What you will do:
From the first line to the last, restate the material word for word; pictures stay out.

Provided data:
=-=-=-=-=
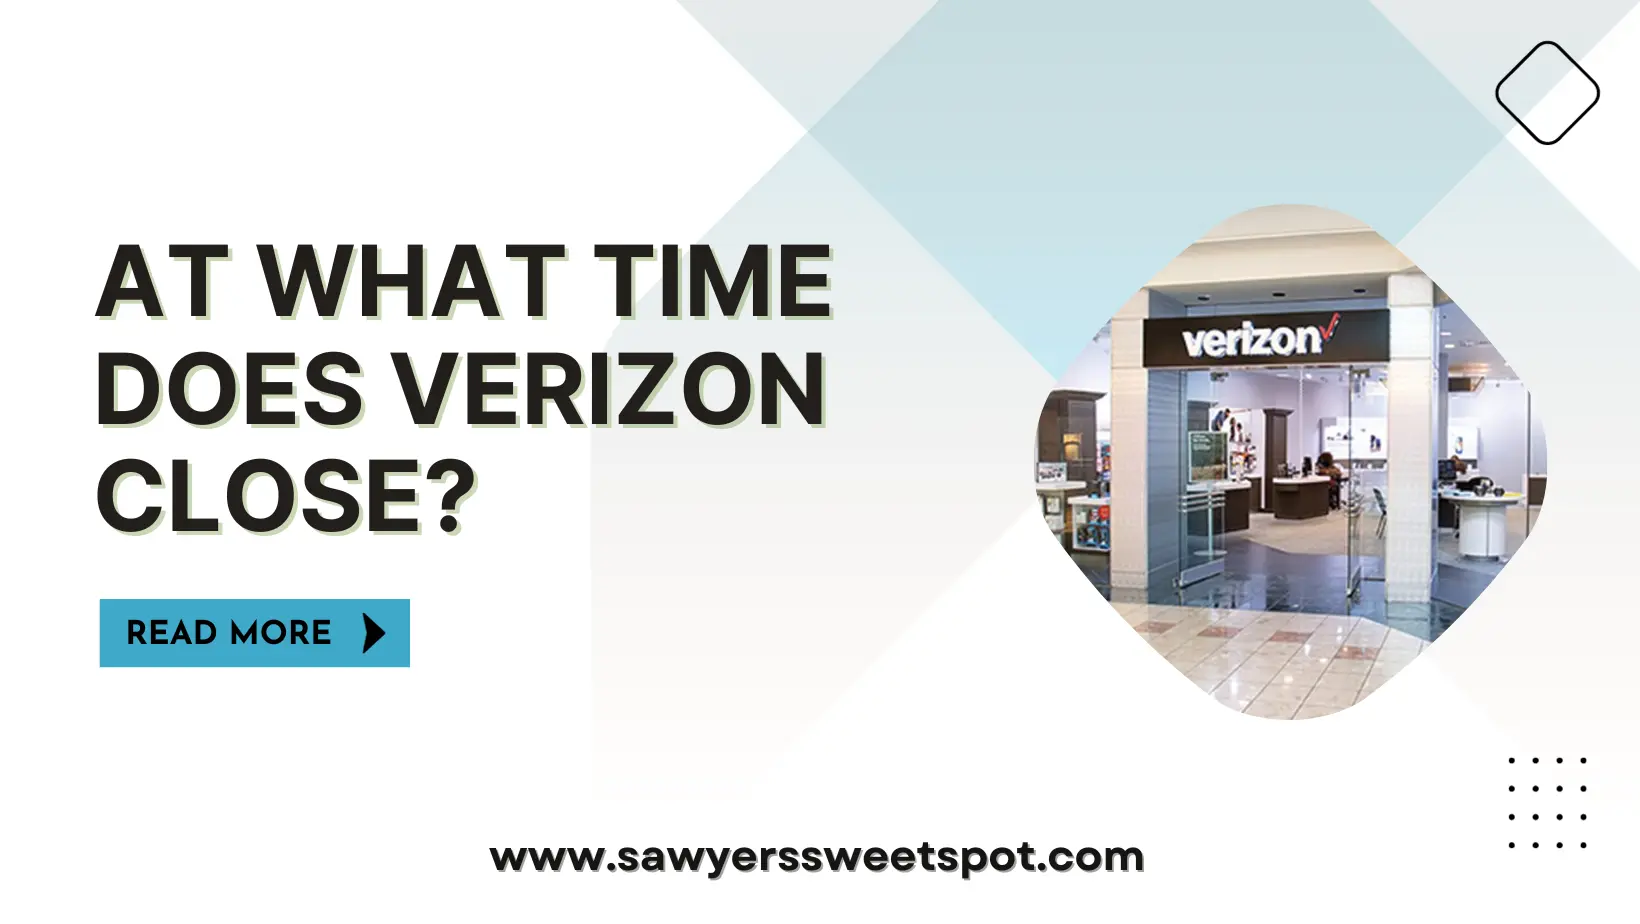 At What Time Does Verizon Close?
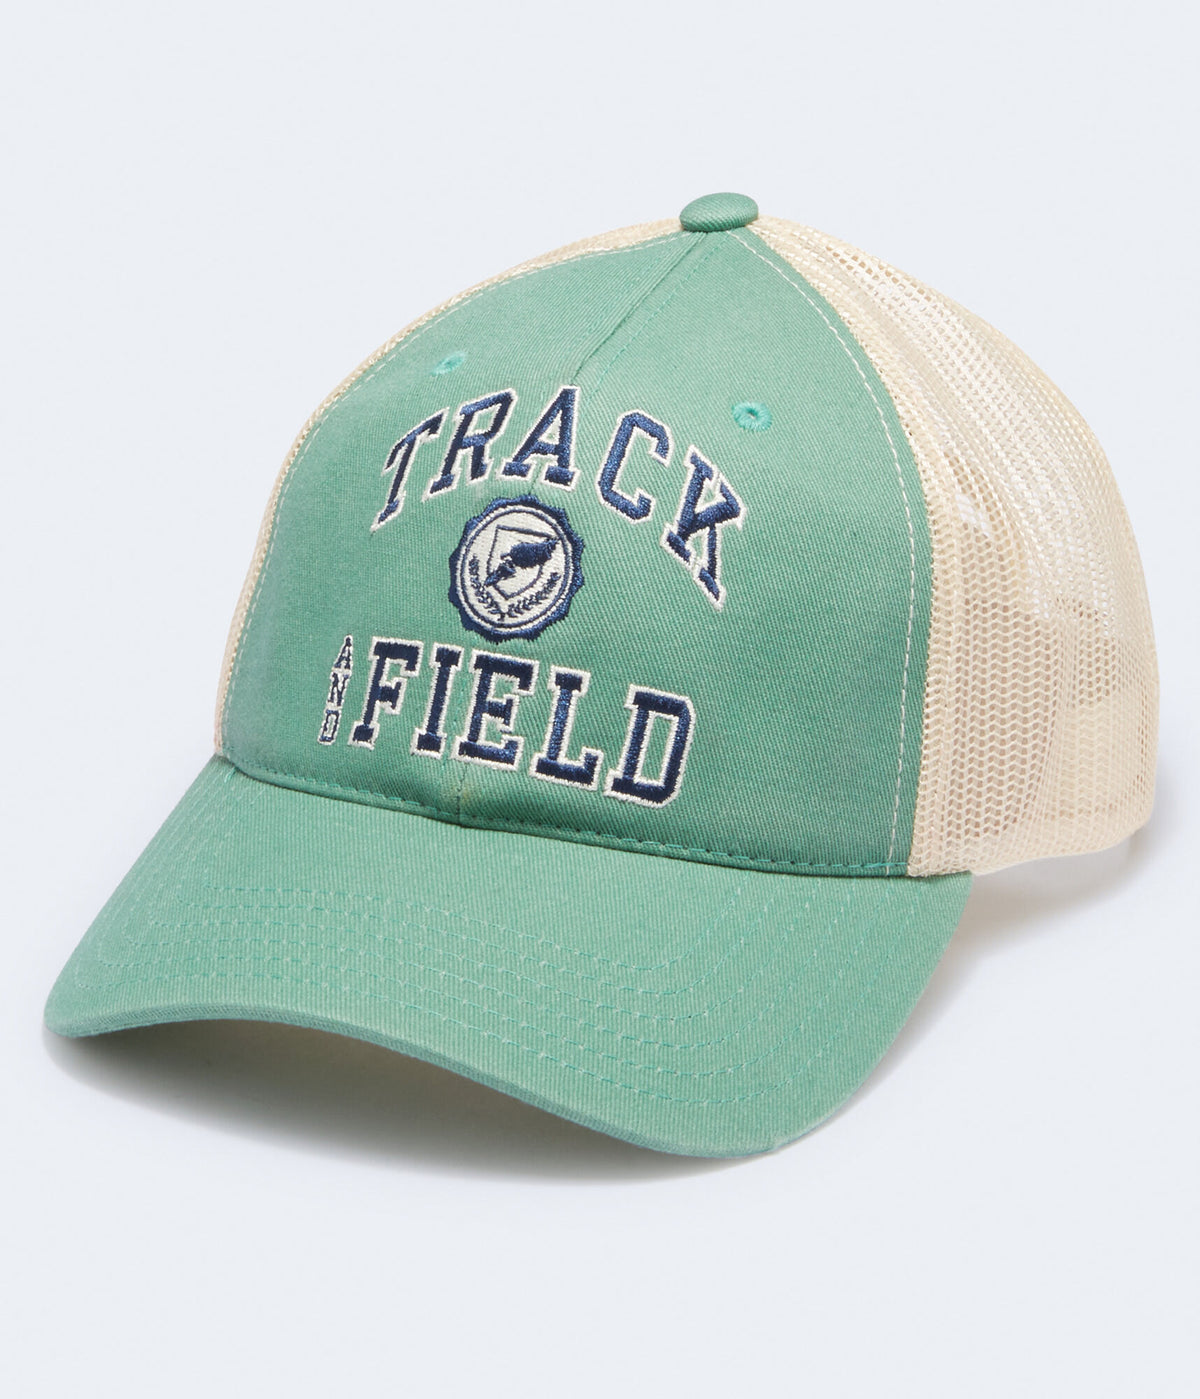 Aeropostale Mens' Track And Field Adjustable Trucker Hat -  - Size One Size - Cotton - Teen Fashion & Clothing Green
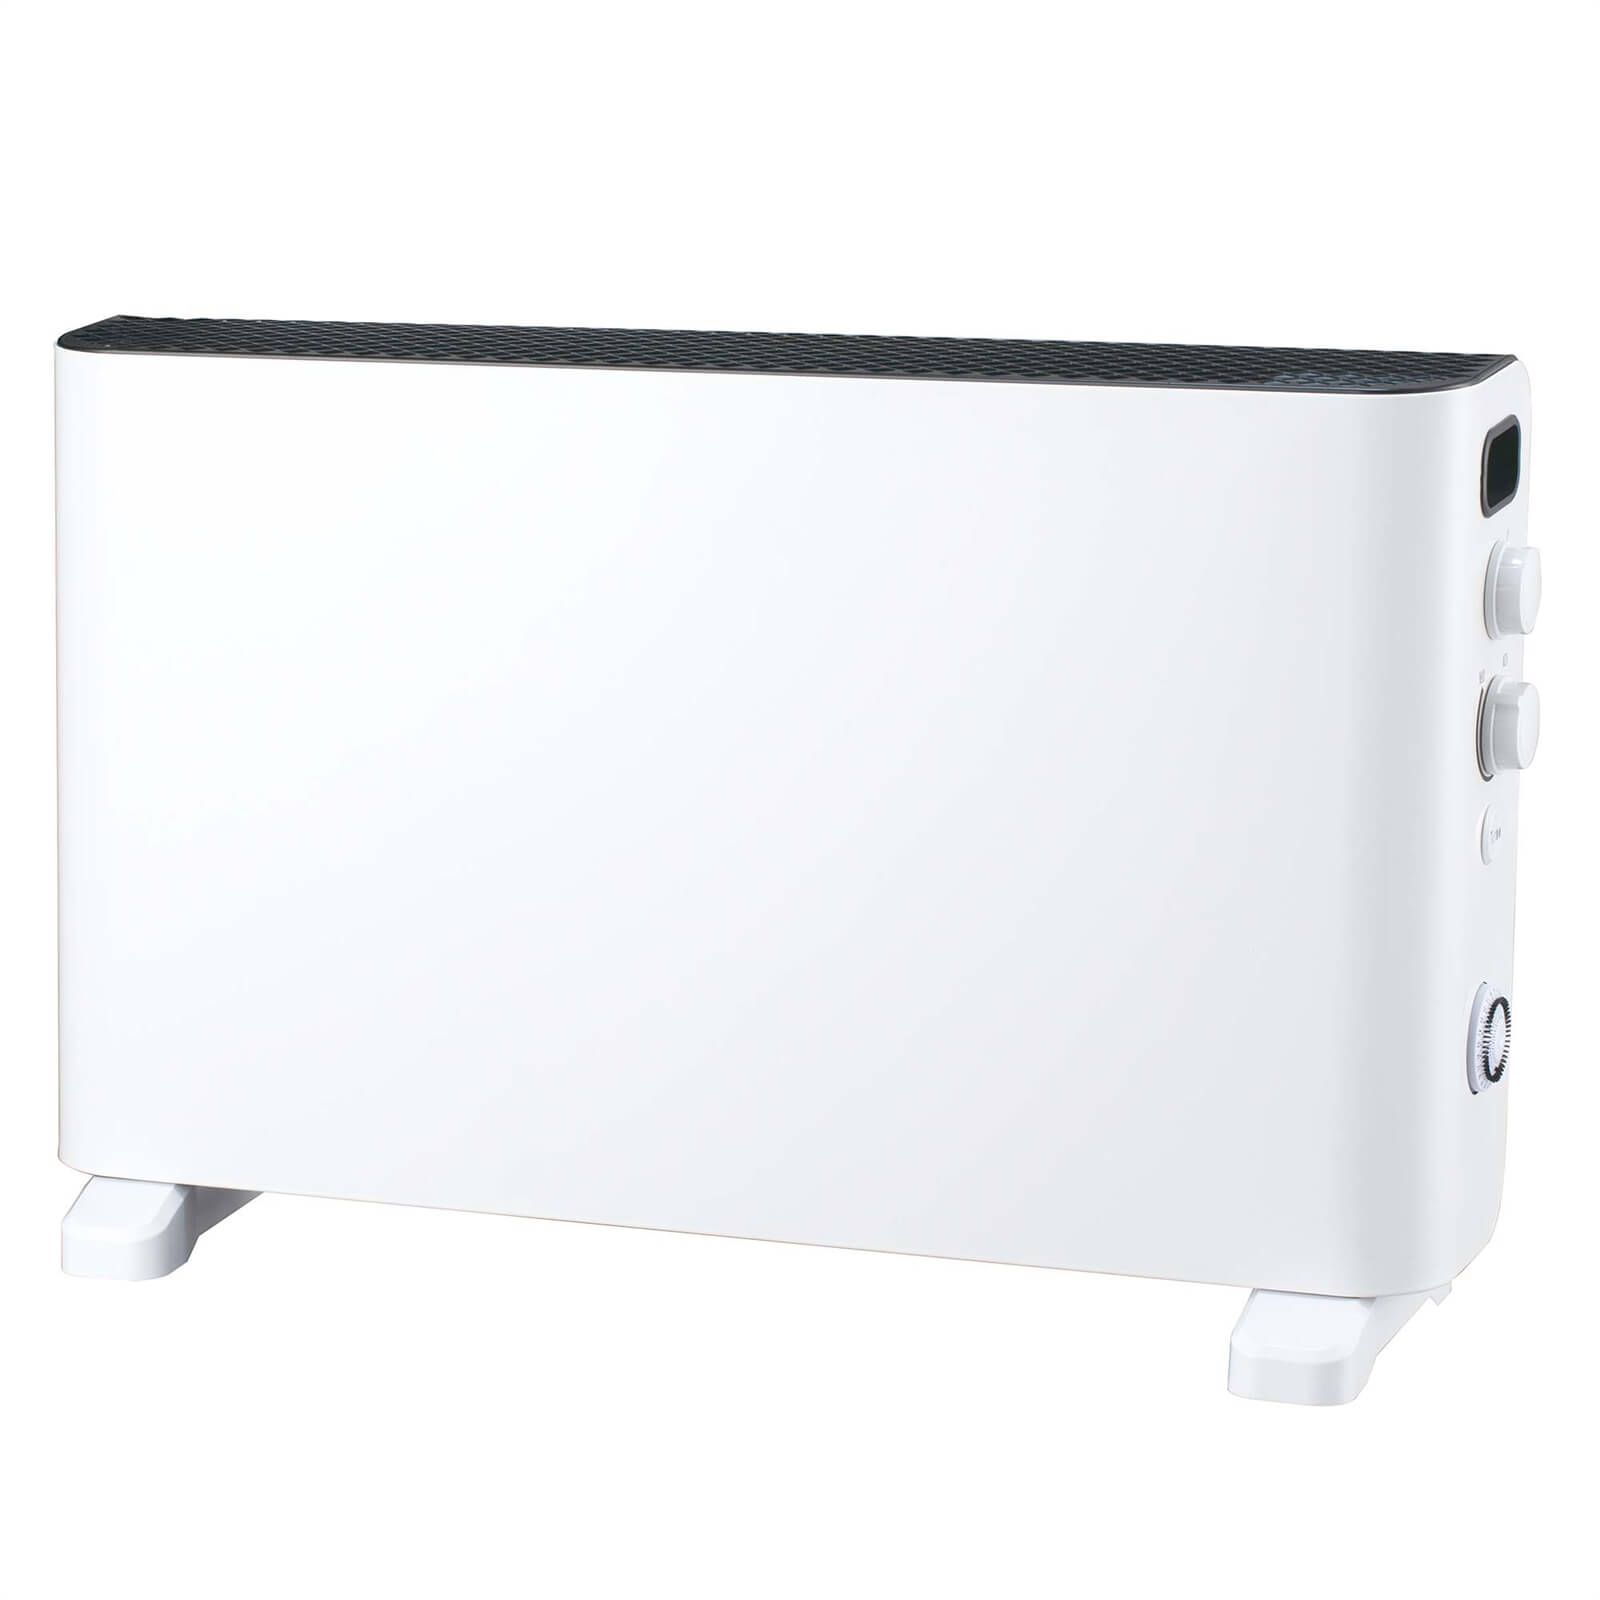 Stylec Electric Convector Heater with Timer in White - 2000W
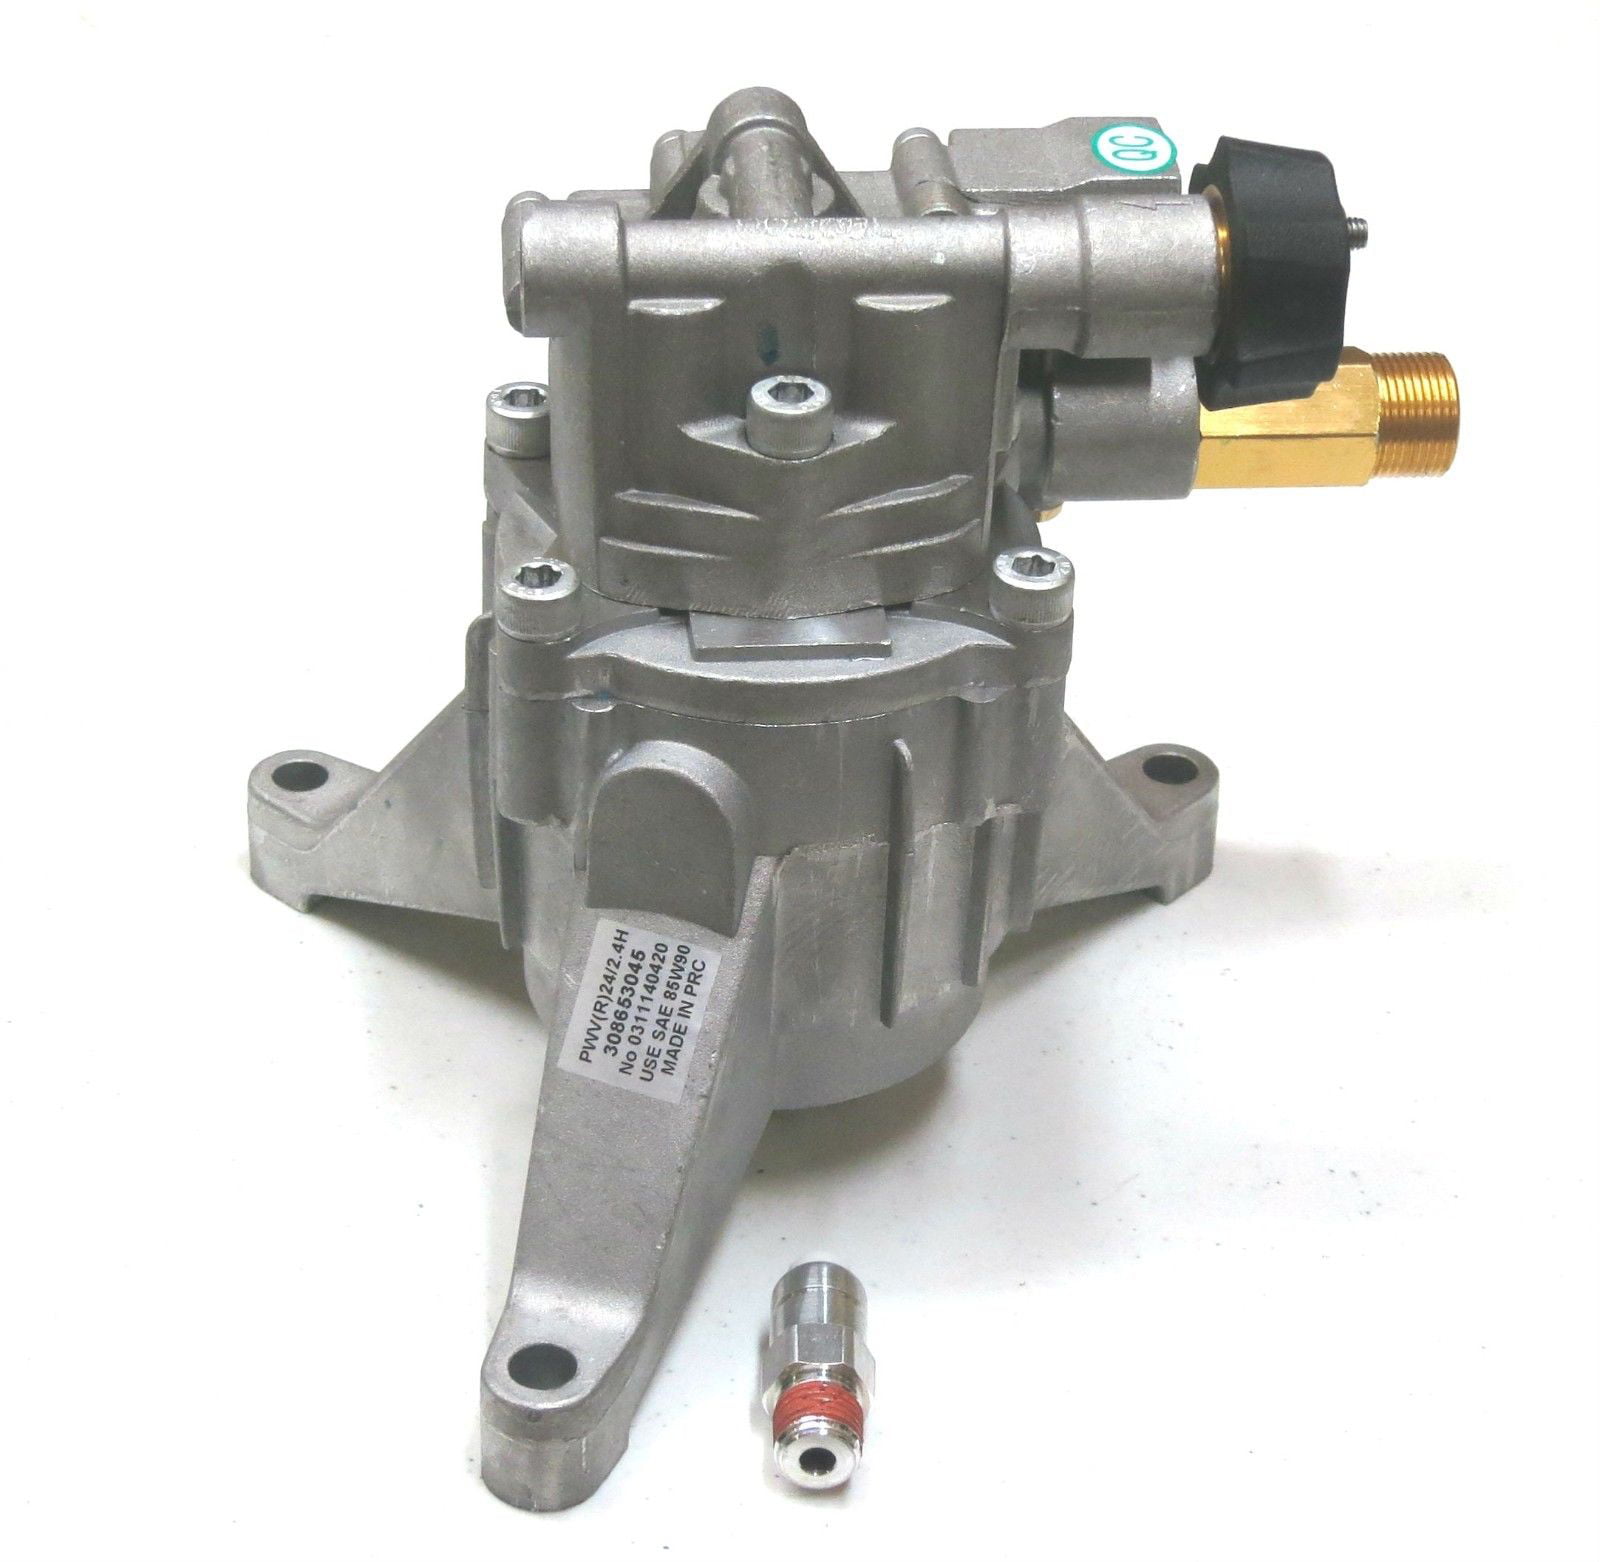 2800 psi POWER PRESSURE WASHER WATER PUMP Excell Devilbiss XLVR2522  A07908
=-=-=-=-=
Task solution:
 At What Time Does Verizon Close?
 Aeropostale Mens' Track And Field Adjustable Trucker Hat -  - Size One Size - Cotton - Teen Fashion & Clothing Green
 Stylec Electric Convector Heater with Timer in White - 2000W
 2800 psi POWER PRESSURE WASHER WATER PUMP Excell Devilbiss XLVR2522  A07908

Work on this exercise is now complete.